When you’re replacing appliances, look for the most energy-efficient ones – the A-rated ones; they may cost a little more but they’ll save you money in operation and they’ll save emissions by using less power.

There’s one ingenious bloke I know of who cools his whole pantry to fridge-temperatures using just a system of two radiators – one is low down in the pantry and as the water in it warms up, it rises by natural convection through to the other radiator, fixed on the outside of the house on the shaded side, higher up. It doesn’t use any external energy at all, no pumps or heaters or chilling units! The air passing over the external radiator steals away the warmth and the cold water sinks back down to the inner radiator to repeat the whole process.

A friend of mine has converted his house to run 12V LED lighting and uses 12V appliances instead of 240V mains supply – as a result, he’s now able to light and power his house off a 12V battery bank system, which came in very useful last week when there was a power cut in his area and their house was unaffected. 12V is the kind of supply you get from a car engine through the lighter socket – you can easily source 12V fridges and TVs from caravan supply places, and 12V adaptors designed to fit into a car lighter socket are available for computers, mobiles and other gadgets.

This dovetails into the other big adaptation strategy, which is to generate your own power from renewable sources. My 12V-house friend charges his battery bank from solar panels; I have other friends who installed a solar array and a wind turbine at their place and now sell power back to the National Grid. I know of others who’ve used hydroelectric turbines to power their houses from small dams on local rivers.

Heating in houses can also be provided using a ground heat pump, which is basically a very long length of water pipe buried mostly underground outside, and partly under your house floor. Because the ground stores heat better than the air, the water in the buried section of pipe gets to be warmer than the the water in the section under your ground floor, and with the addition of a small electric pump you can transfer the heat stored in the soil to your floor in the house. You still need a small energy input to run the pump and you do need to dig up your garden and the ground floor of the house, of course! It’s well worth considering if you’re involved in a new-build house, a major conversion or a renovation project, though.

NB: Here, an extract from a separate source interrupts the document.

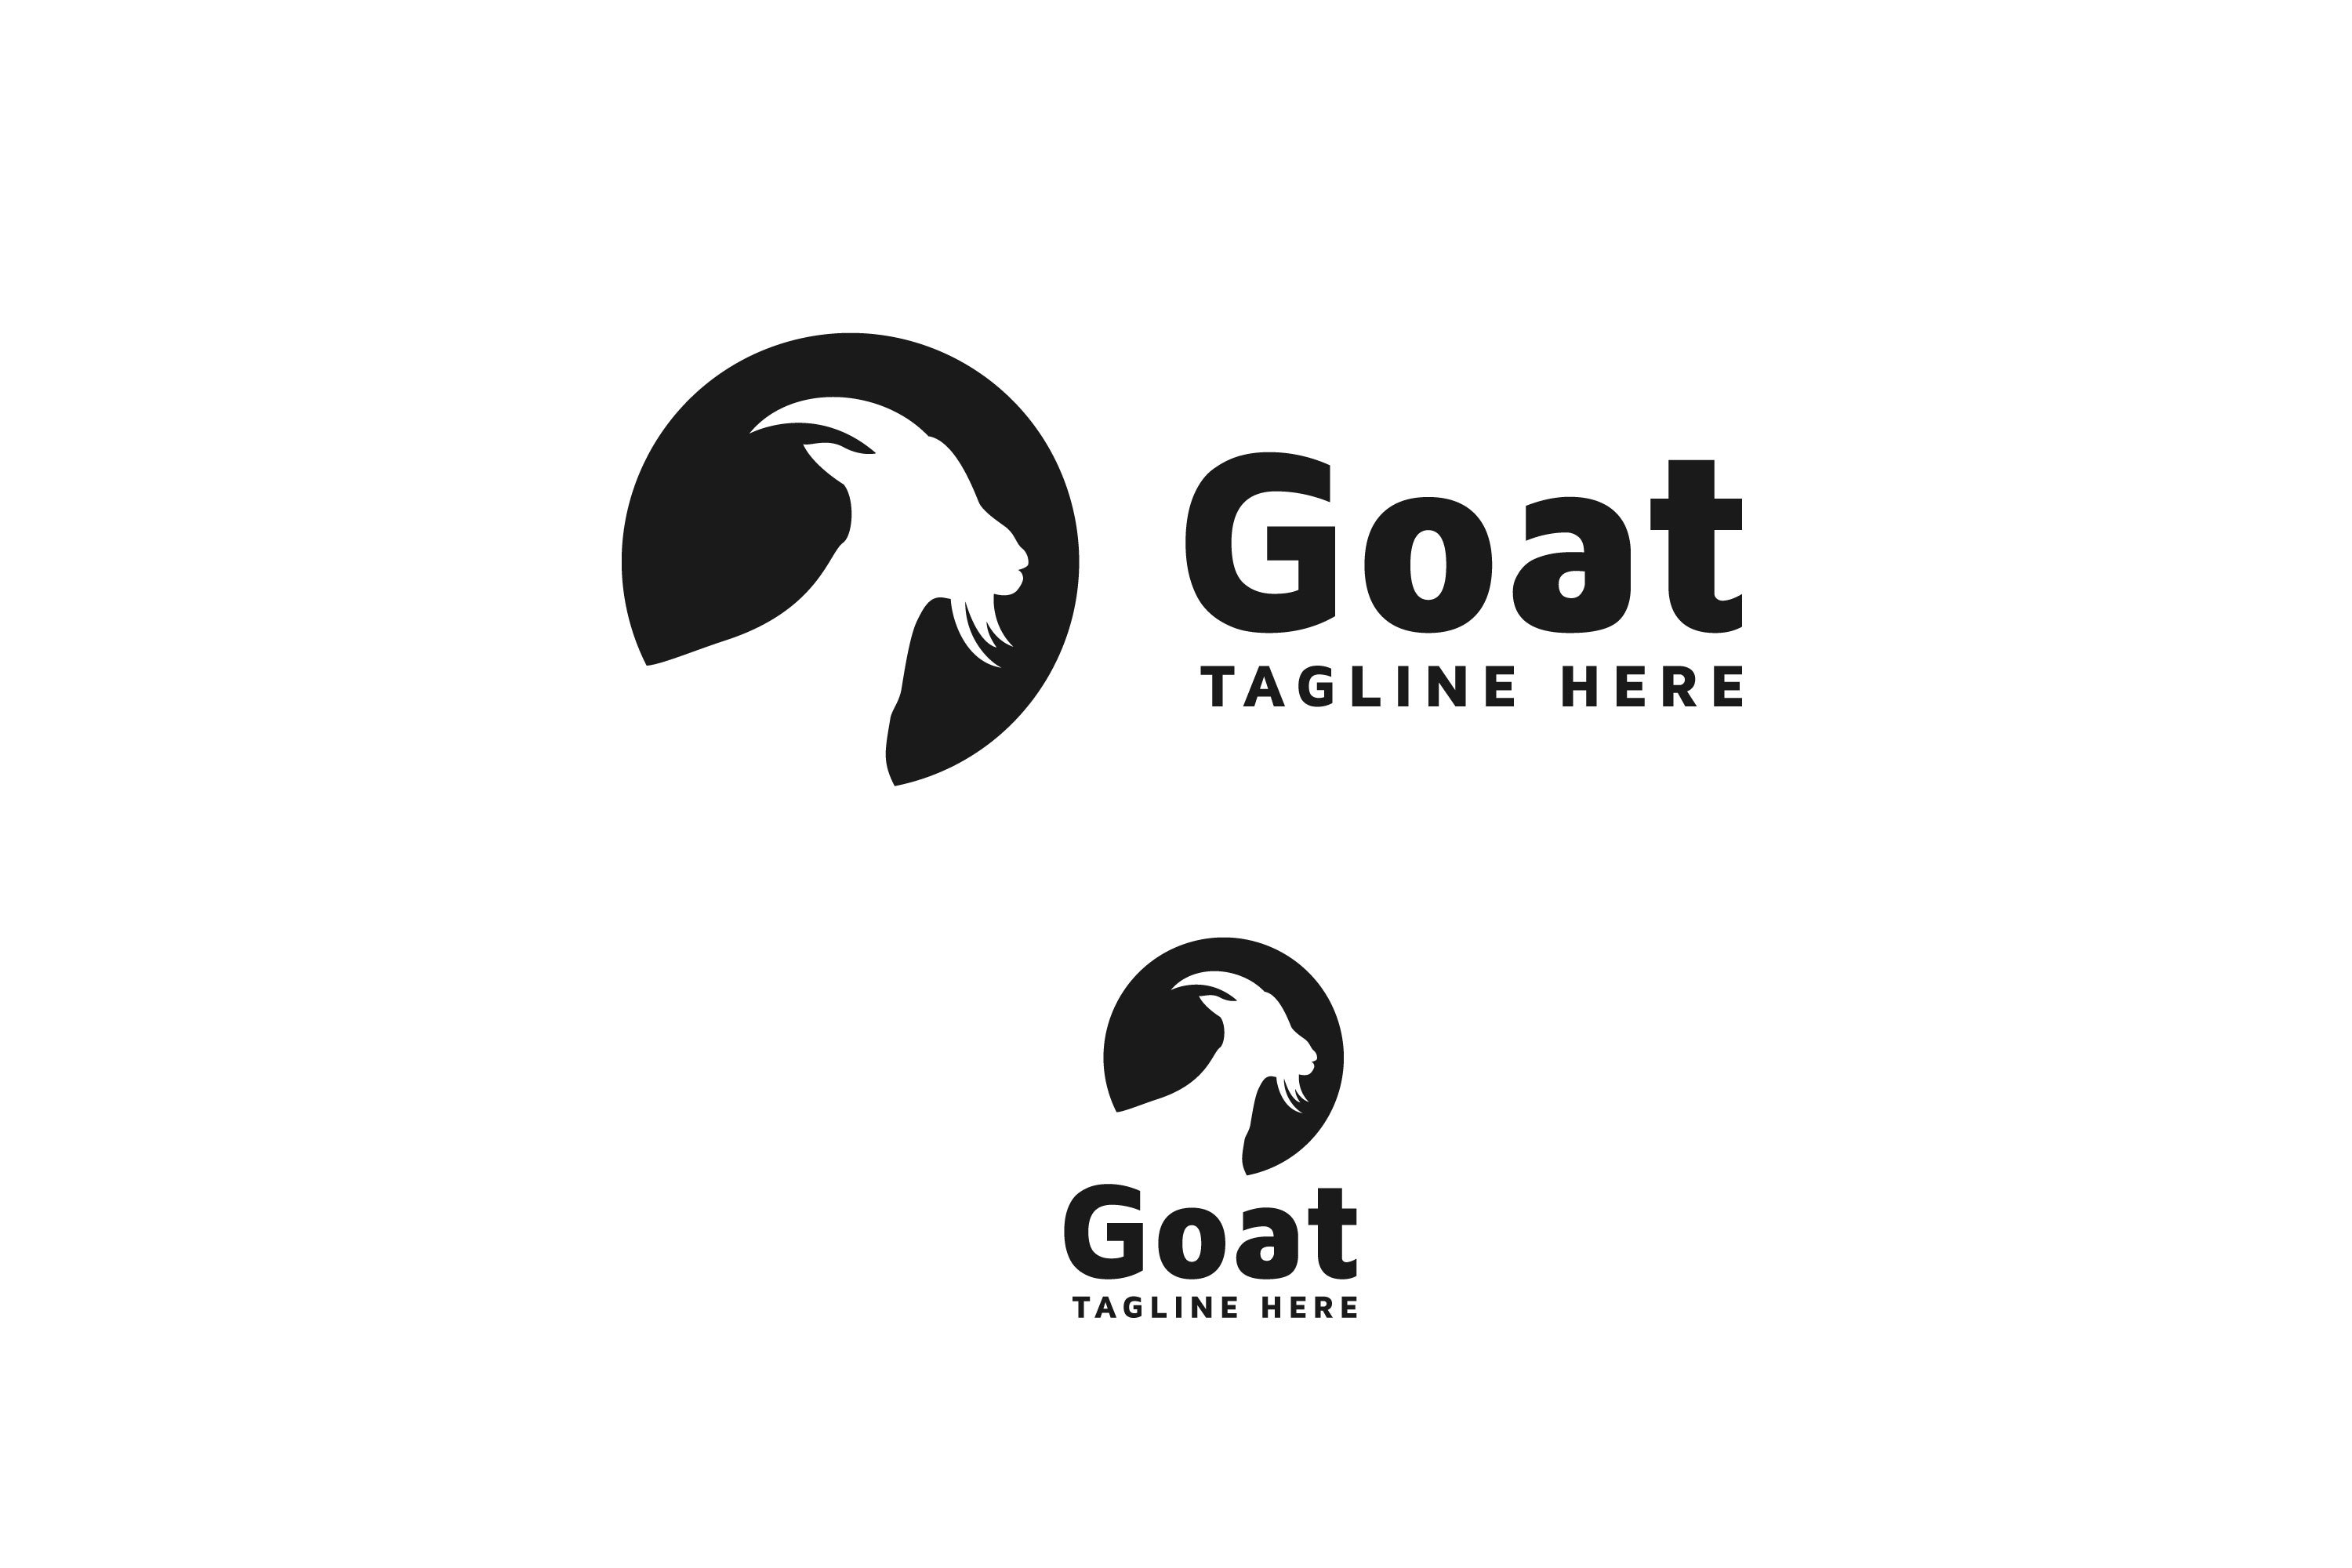 Goat Head Logo Design Vector cover image.
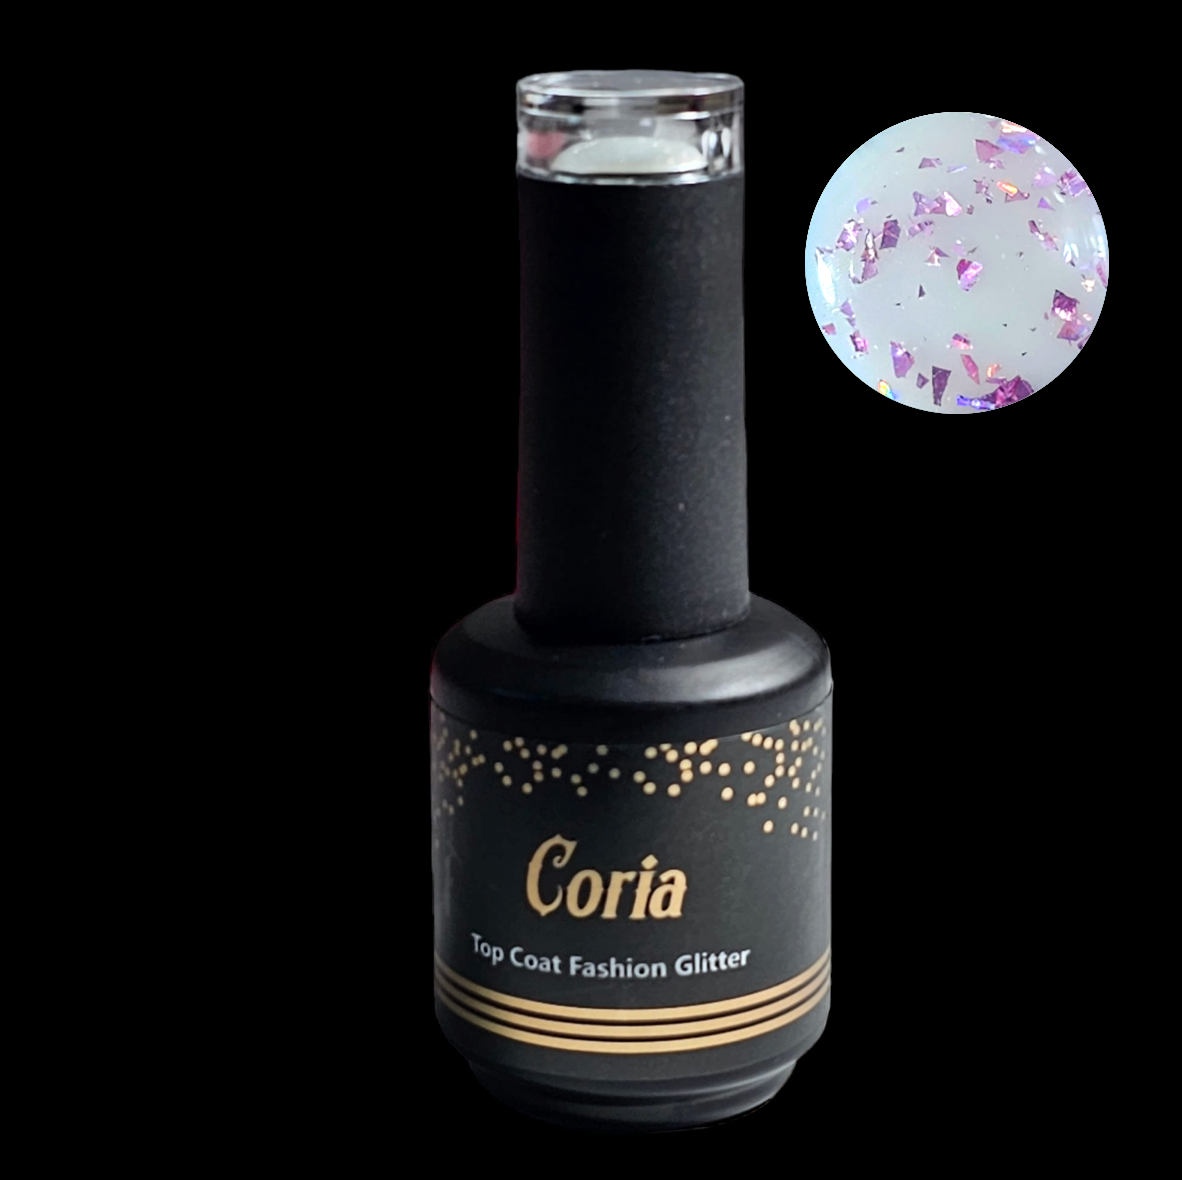 Top Coat Fashion Glitter Coria 15 ml 122

I’m at a disadvantage in this regard since our house roof faces the wrong way for mounting a solar array and the outbuildings don’t have strong enough roofs to mount panels there either. We’re also not in an area where we could put up a wind-turbine; to get enough wind to make it efficient, we’d have to mount it on a very high pole above the roof-line and the local planning officers wouldn’t approve. That leaves us with working harder on the energy-reduction side of things.

Part of our energy-reduction strategy revolves around what we actively do – we use the car as little as possible, use the bike or walk as much as possible. Another part of it is based on reducing the hidden emissions associated with what we buy – food miles, for example. We try to buy locally, from the village shops, and wherever possible we buy food that’s grown or raised locally, too. We grow as much of our own food as we can, and we swap produce with other home-growing neighbours in the village. We make our own compost rather than buying in artificial fertilisers made from hydrocarbons – there’s not a lot of food-miles attached to an organic carrot grown in a deep-bed ten feet from the kitchen door! This year I’ll be growing open-pollinated varieties of veg on my allotment – that means we can save our own seed for future years, so even our seeds will come with less emissions attached!